Dave Szott

No. 79
- Position: Guard

Personal information
- Born: December 12, 1967 (age 58) Passaic, New Jersey, U.S.
- Listed height: 6 ft 4 in (1.93 m)
- Listed weight: 289 lb (131 kg)

Career information
- High school: Clifton (NJ)
- College: Penn State
- NFL draft: 1990: 7th round, 180th overall pick

Career history
- Kansas City Chiefs (1990–2000); Washington Redskins (2001); New York Jets (2002–2003);

Awards and highlights
- First-team All-Pro (1997); PFWA All-Rookie Team (1990); National champion (1986); First-team All-East (1989);

Career NFL statistics
- Games Played: 177
- Games Started: 171
- Fumble recoveries: 5
- Stats at Pro Football Reference

= Dave Szott =

American football player (born 1967)

David Andrew Szott (born December 12, 1967) is an American former professional football player who was a guard for 14 seasons in the National Football League (NFL). He played college football for the Penn State Nittany Lions.

Szott was selected by the Kansas City Chiefs in the seventh round of the 1990 NFL draft with the 180th overall pick. Szott played in the NFL for the Chiefs, Washington Redskins, and New York Jets, before retiring from football in February 2004. He remained with the Jets as an offensive line coach and in player development. Szott became the team's chaplain in 2006.

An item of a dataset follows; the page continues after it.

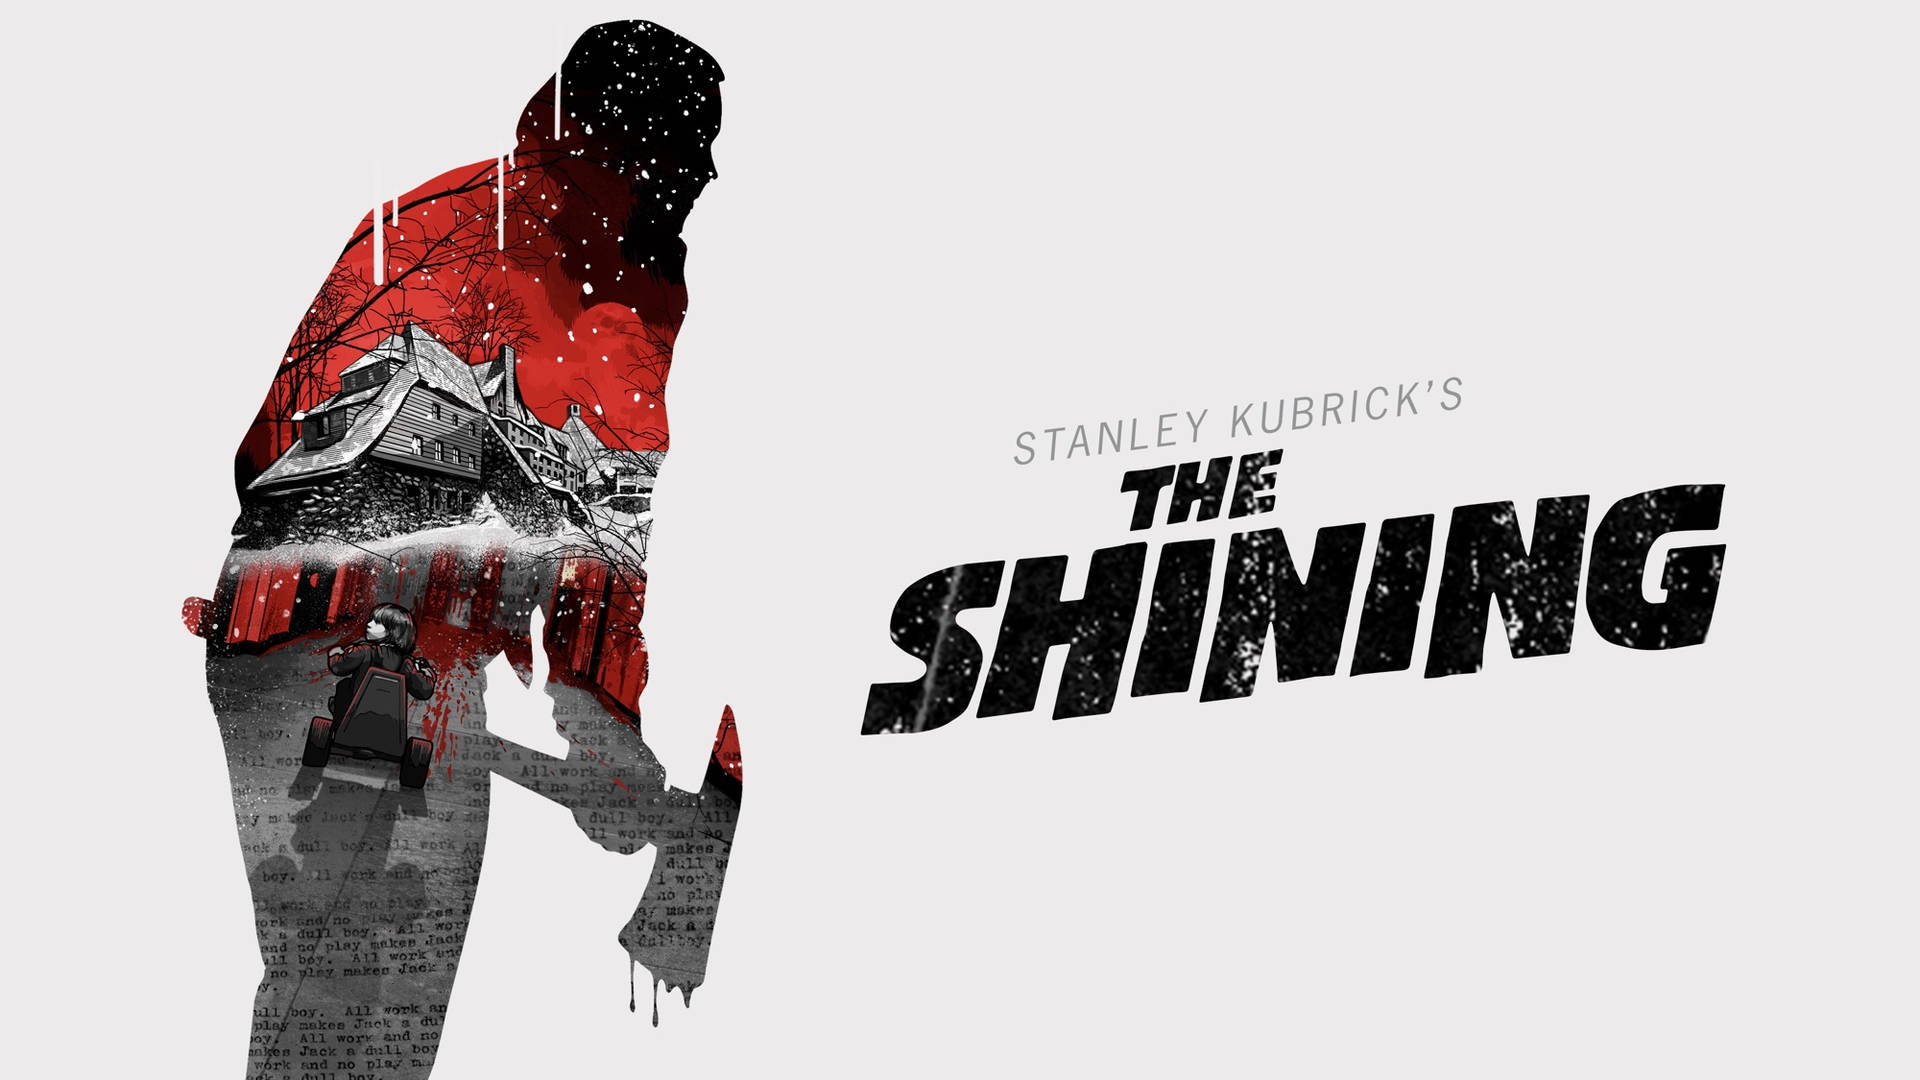 The Shining Jack Poster Background
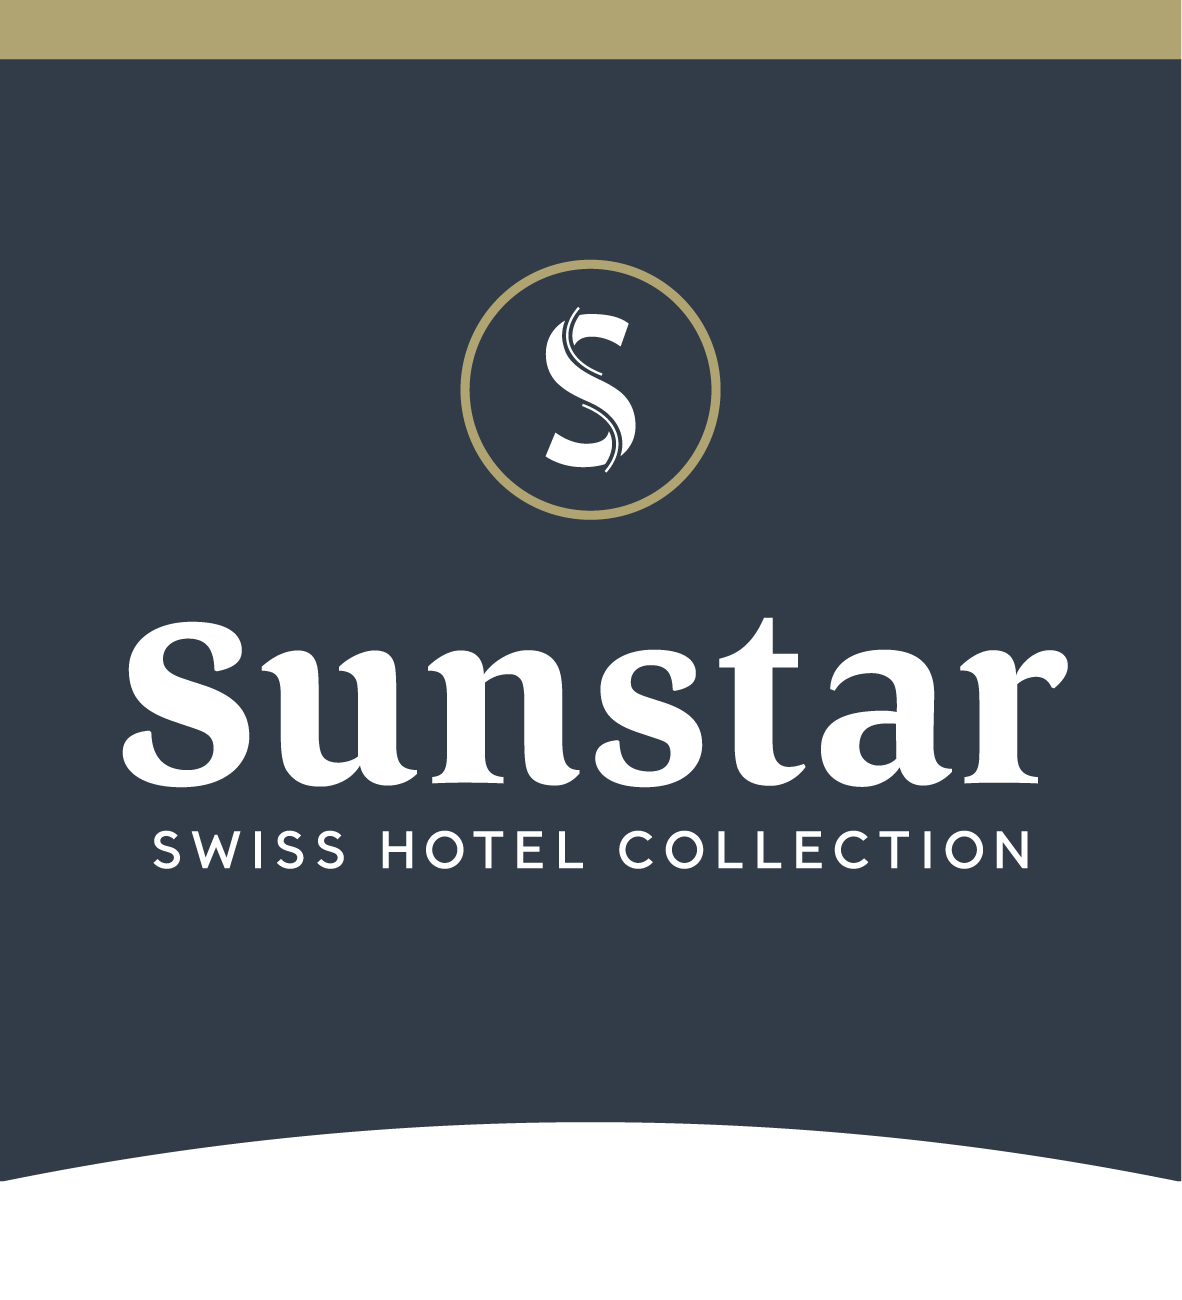 Sunstar Swiss hotel collection

Szott played college football at Pennsylvania State University for legendary football coach Joe Paterno.

Szott grew up in Clifton, New Jersey, and was a standout player at Clifton High School in New Jersey. He was also a standout high school wrestler in New Jersey placing fourth in the heavyweight division of the 1986 USA Wrestling Junior Freestyle Tournament. Szott was undefeated until the round robin portion where he was pinned by eventual champion John Matyiko of Virginia. Szott then was pinned by Carl Presley of Illinois in the semi-finals and settled for fourth place while losing by fall to Jon Morris of Virginia.

==Personal life==
His older brother is Kevin Szott, a Paralympic judoka, former goalball player, shot put thrower and a winner of five Paralympic Games medals.
Szott and his wife, Andrea, have two children, the older of whom has cerebral palsy. He is a tireless fundraiser for charitable causes related to the disorder. Josh, the youngest, is 20 years old and plays wide receiver for Colgate University.